**Work required:** Please retype the listing below exactly as it stands, skipping any pictures.

**Given information:**
+-------+

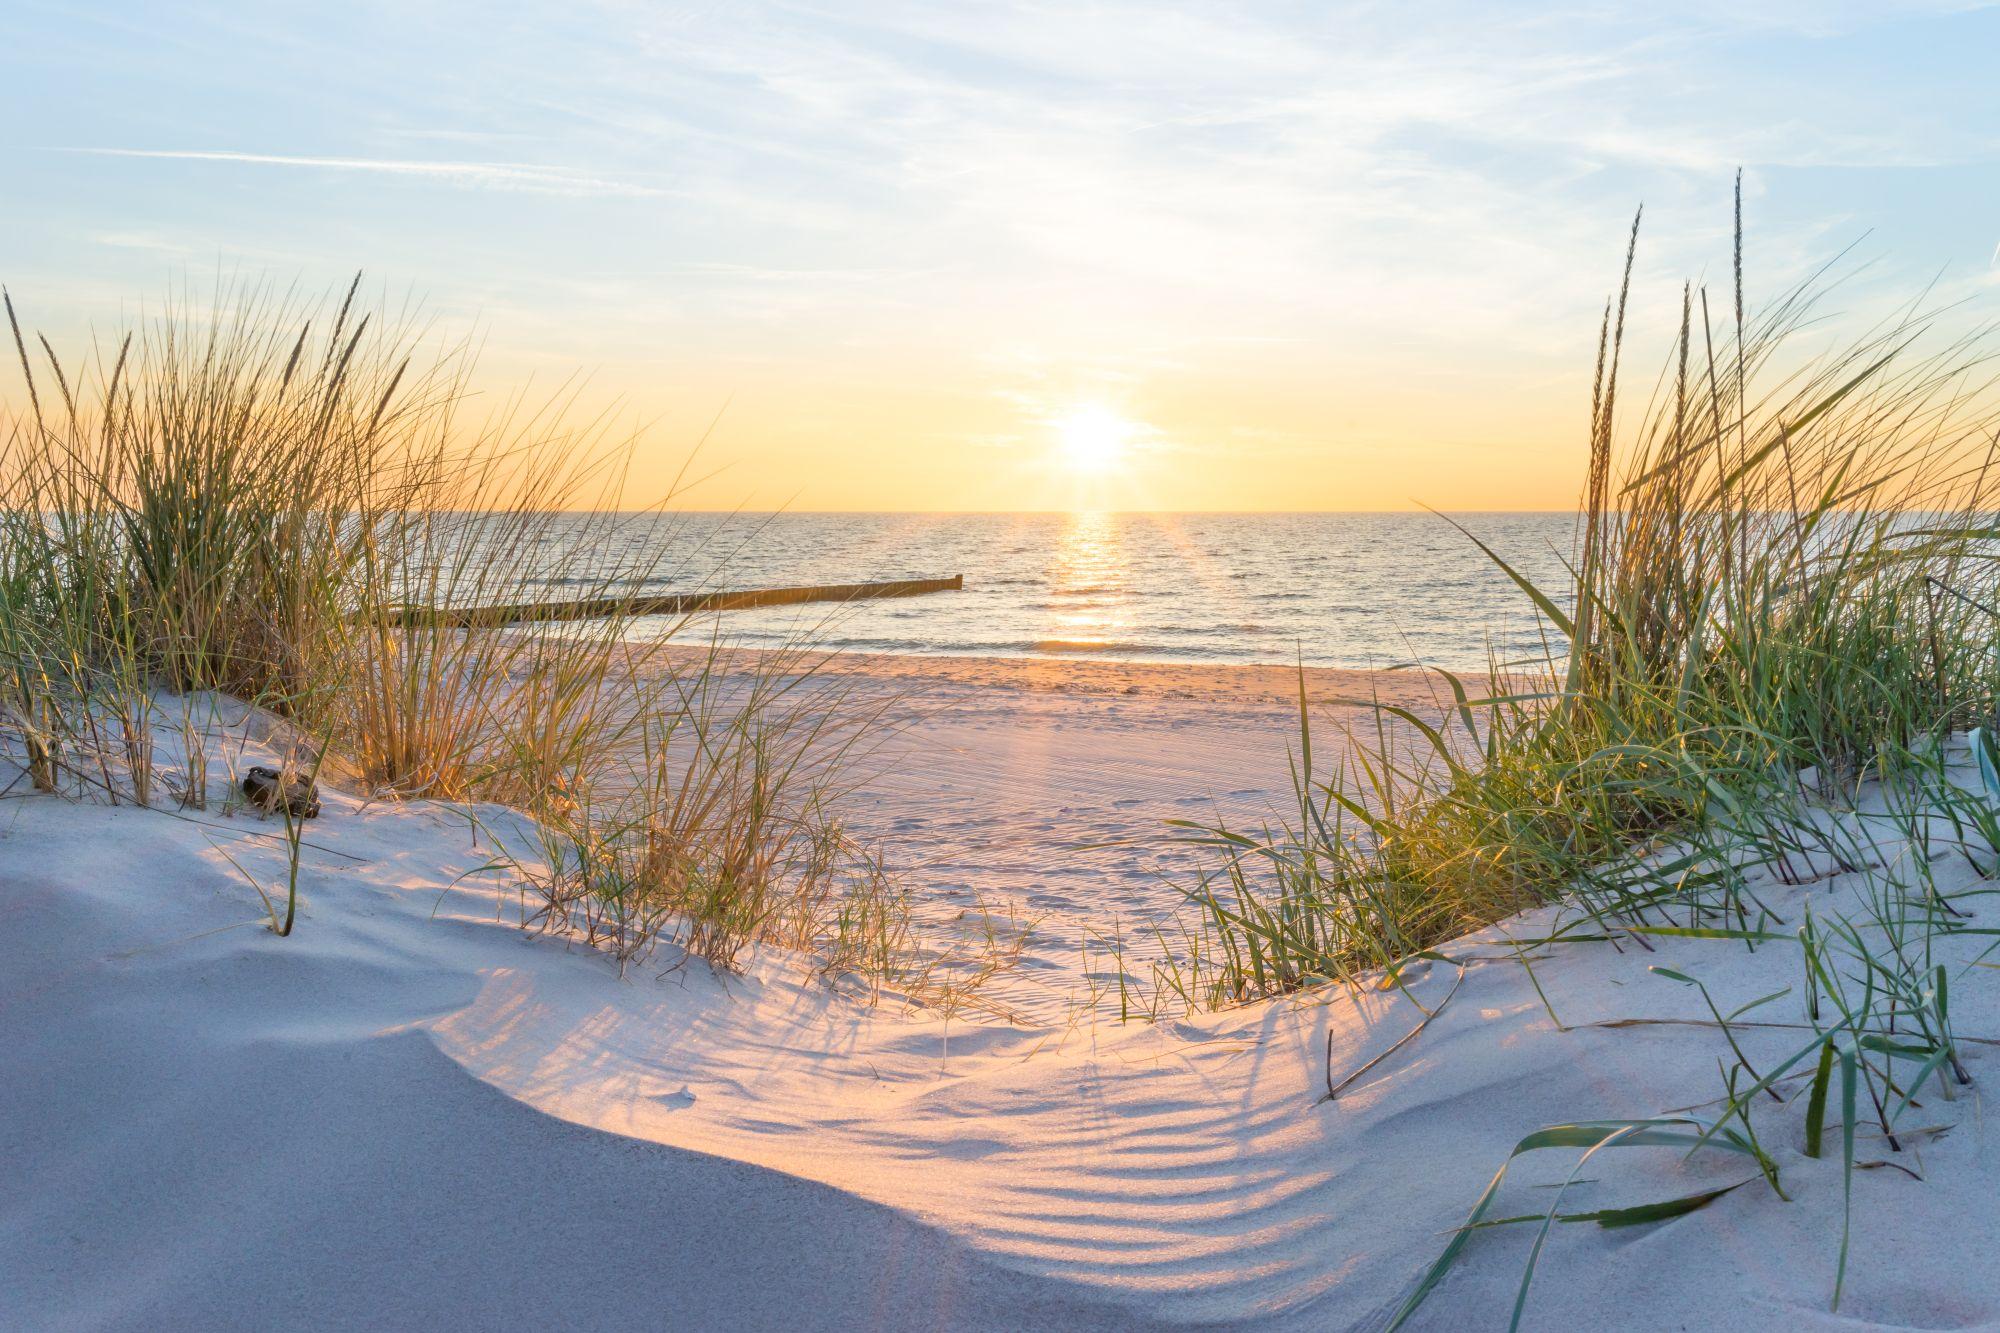 Bałtyk widok plaży
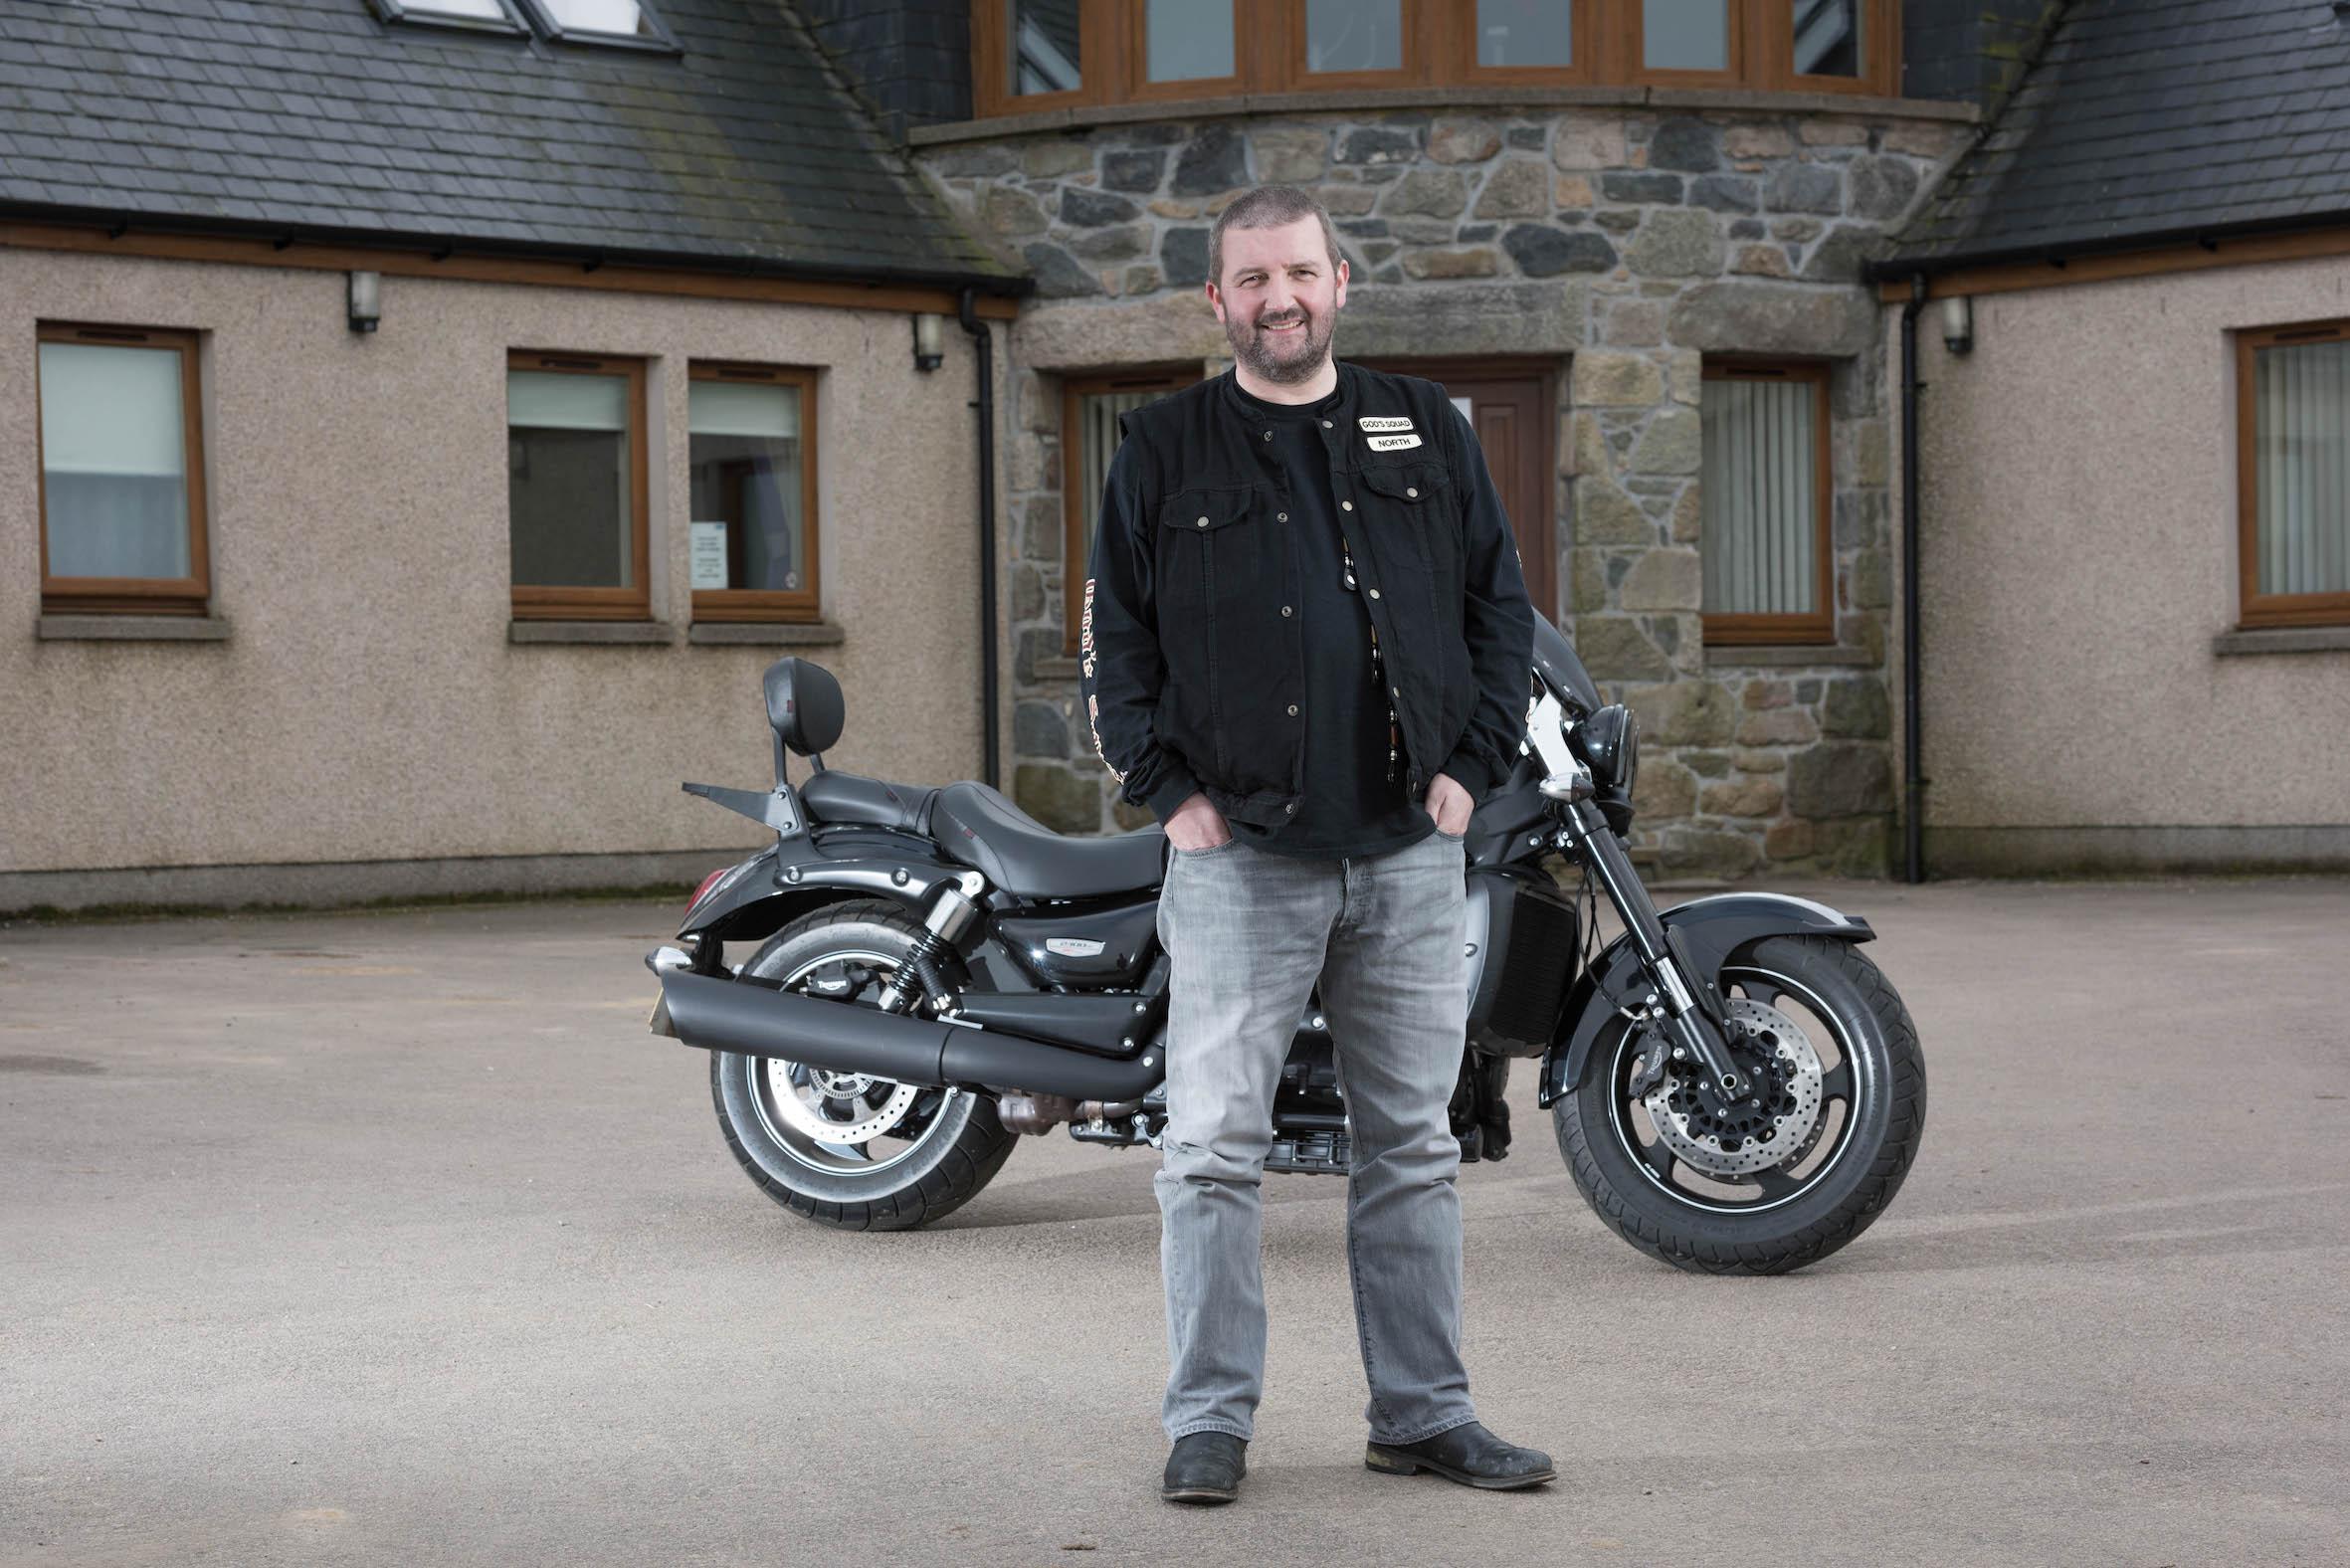 Gordon Cruden with his own bike.
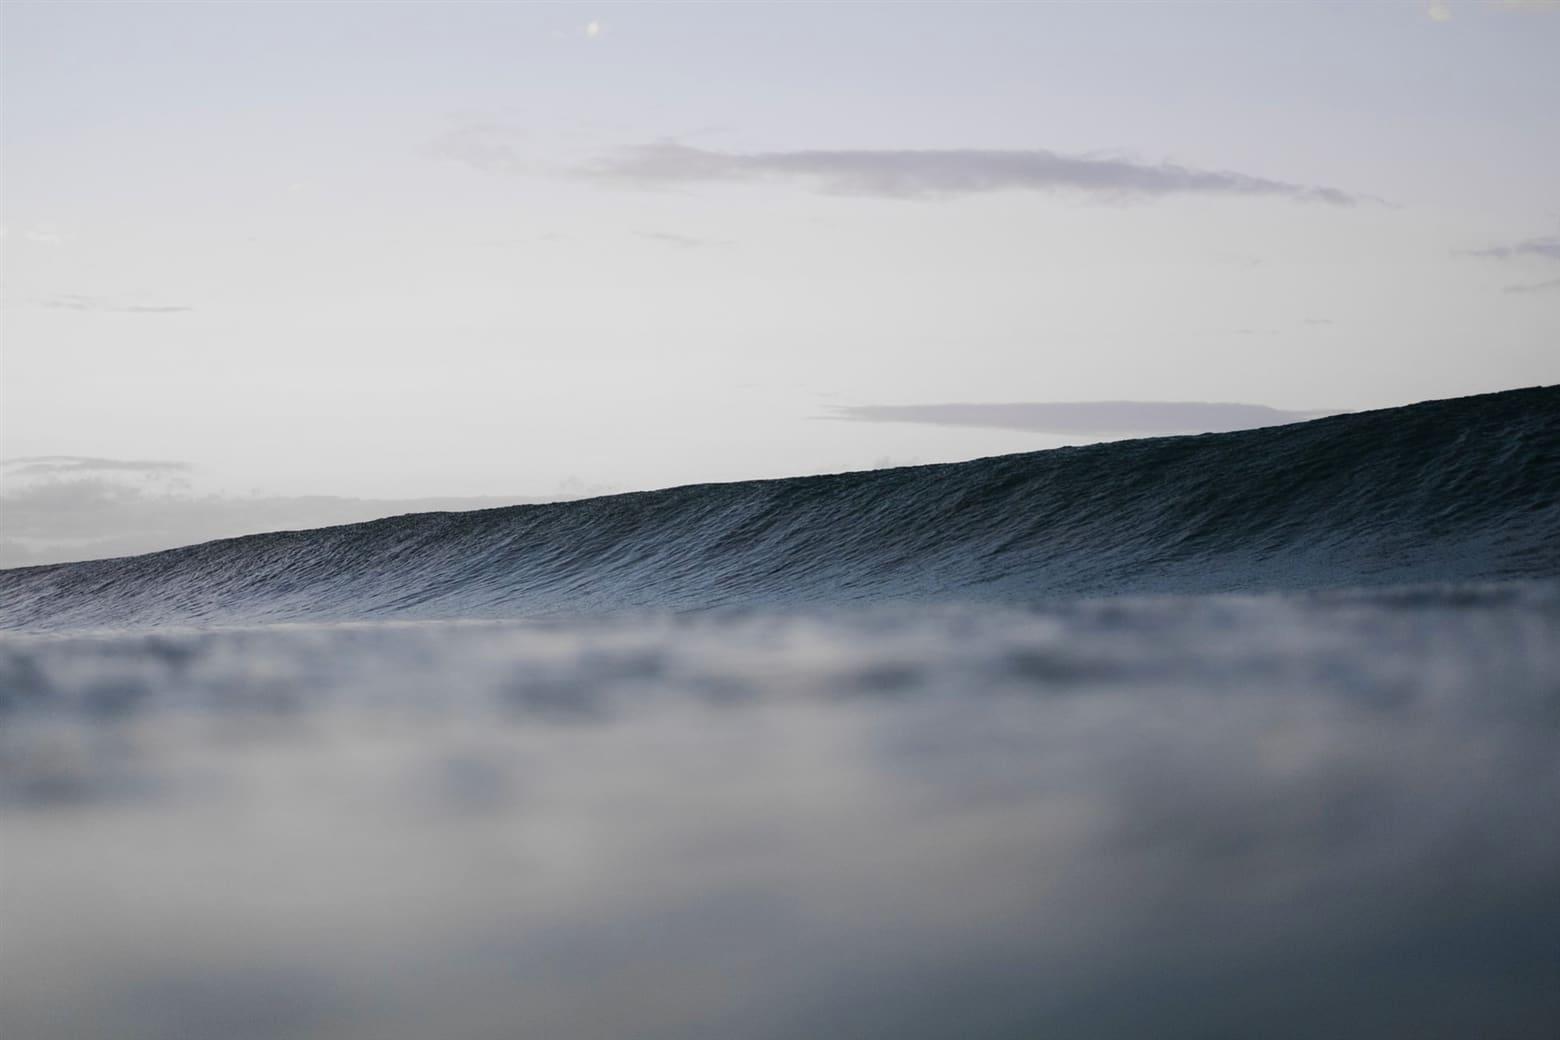 horaires marées Blaye

+-------+

**Exercise response:**
 Bałtyk widok plaży
 Gordon Cruden with his own bike.
 horaires marées Blaye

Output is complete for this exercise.